Problem requirements: Your answer must be the listing repeated word for word, without its pictures.

Given information:
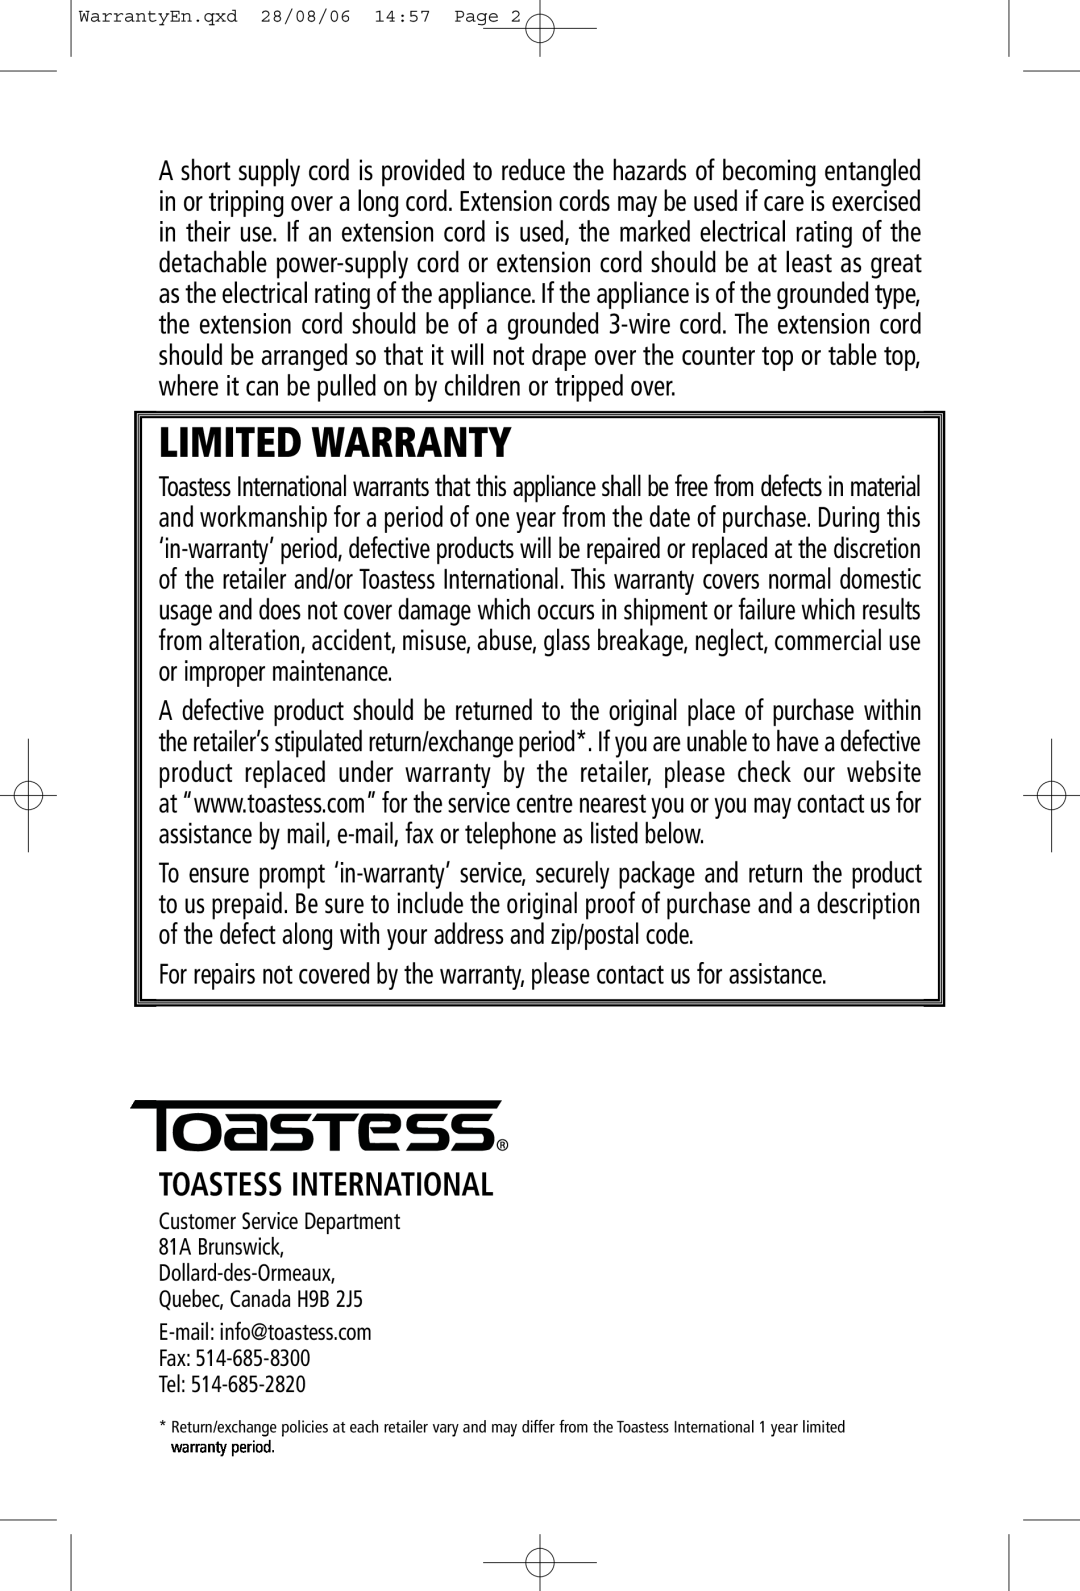 Toastess TFC-1 manual Toastess International, Limited Warranty 
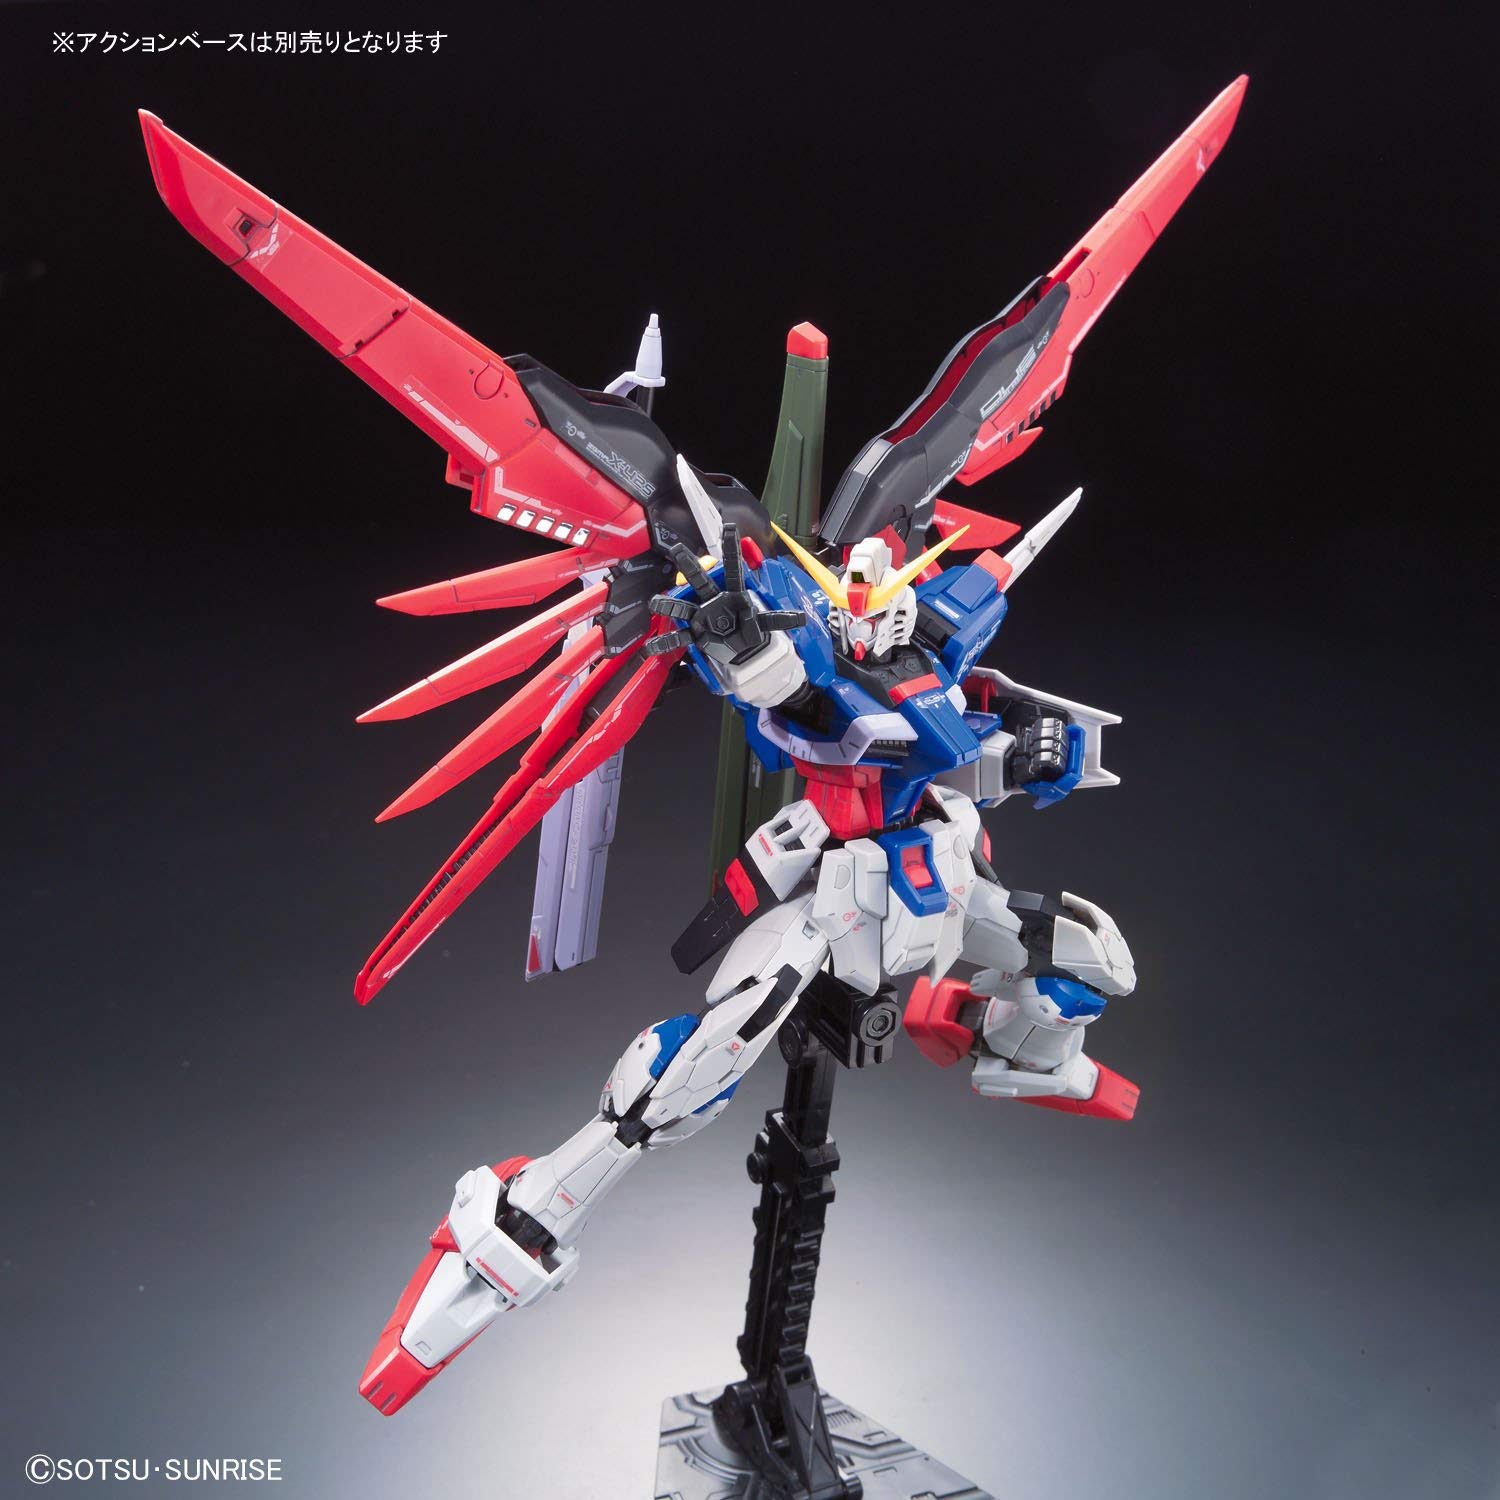 Gundam 1/144 RG #11 Seed Destiny ZGMF-X42S Destiny Gundam Model Kit
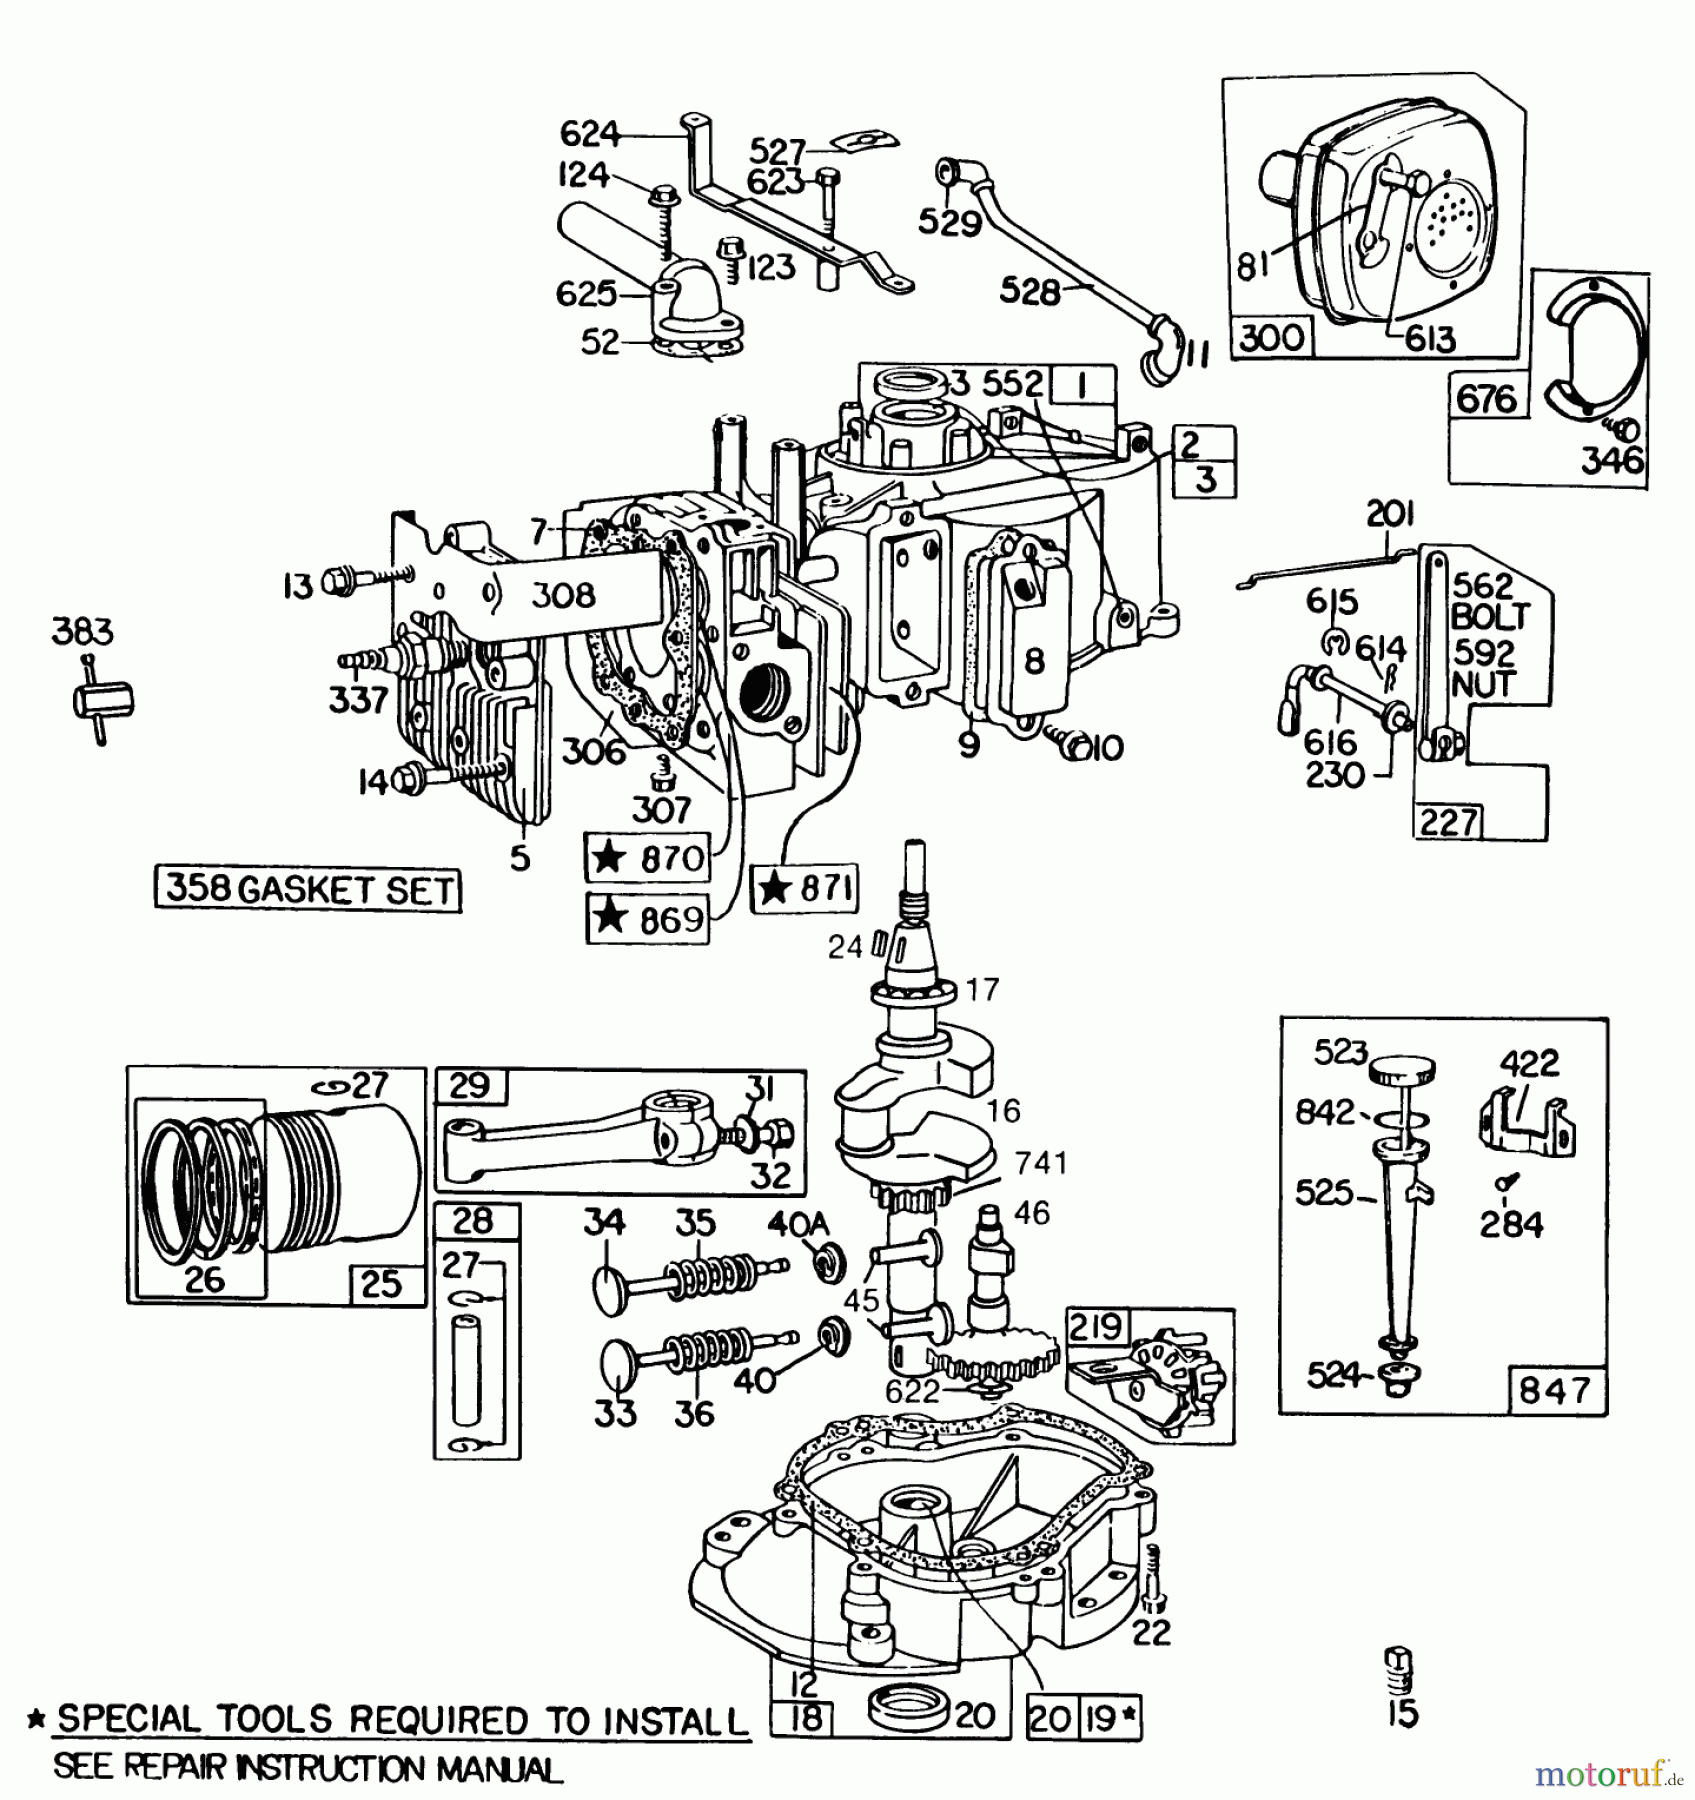  Toro Neu Mowers, Walk-Behind Seite 2 22015 - Toro Lawnmower, 1986 (6000001-6999999) ENGINE BRIGGS & STRATTON MODEL 131922-0163-01 #1
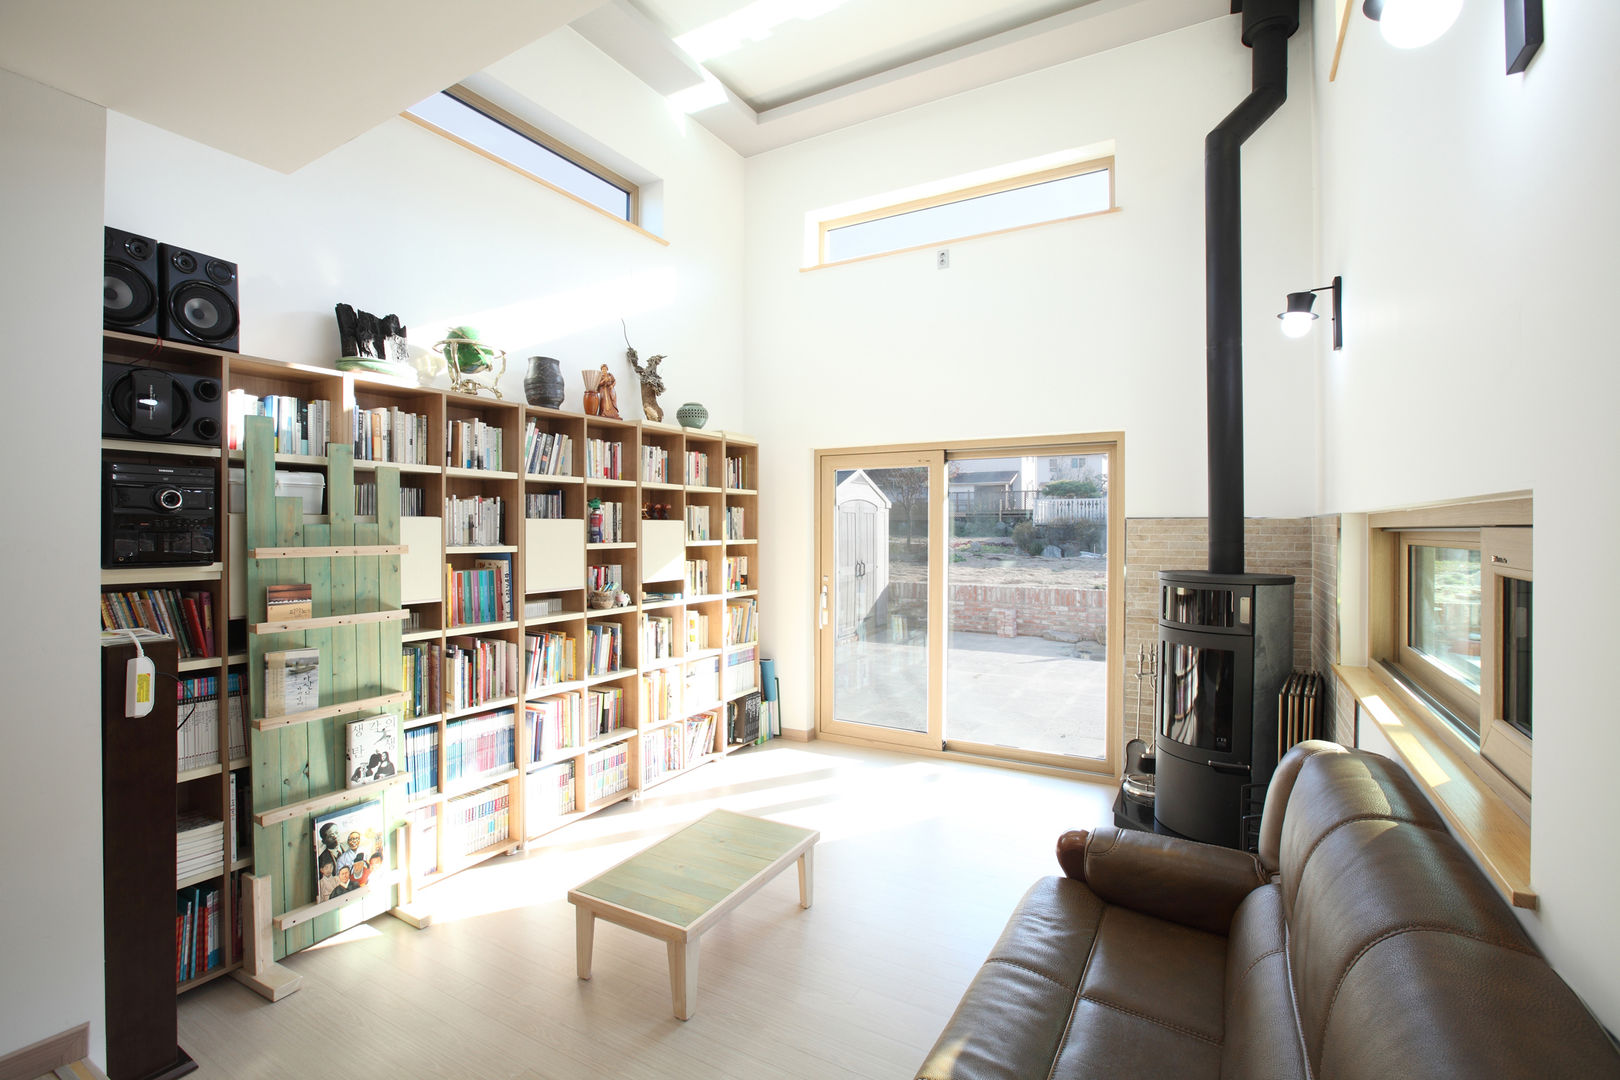 3대가 사는 집 용인 양지주택, 주택설계전문 디자인그룹 홈스타일토토 주택설계전문 디자인그룹 홈스타일토토 Modern living room

Task response:
 Toastess TFC-1 manual Toastess International, Limited Warranty 
 Gundam 1/144 RG #11 Seed Destiny ZGMF-X42S Destiny Gundam Model Kit
  Toro Neu Mowers, Walk-Behind Seite 2 22015 - Toro Lawnmower, 1986 (6000001-6999999) ENGINE BRIGGS & STRATTON MODEL 131922-0163-01 #1
 3대가 사는 집 용인 양지주택, 주택설계전문 디자인그룹 홈스타일토토 주택설계전문 디자인그룹 홈스타일토토 Modern living room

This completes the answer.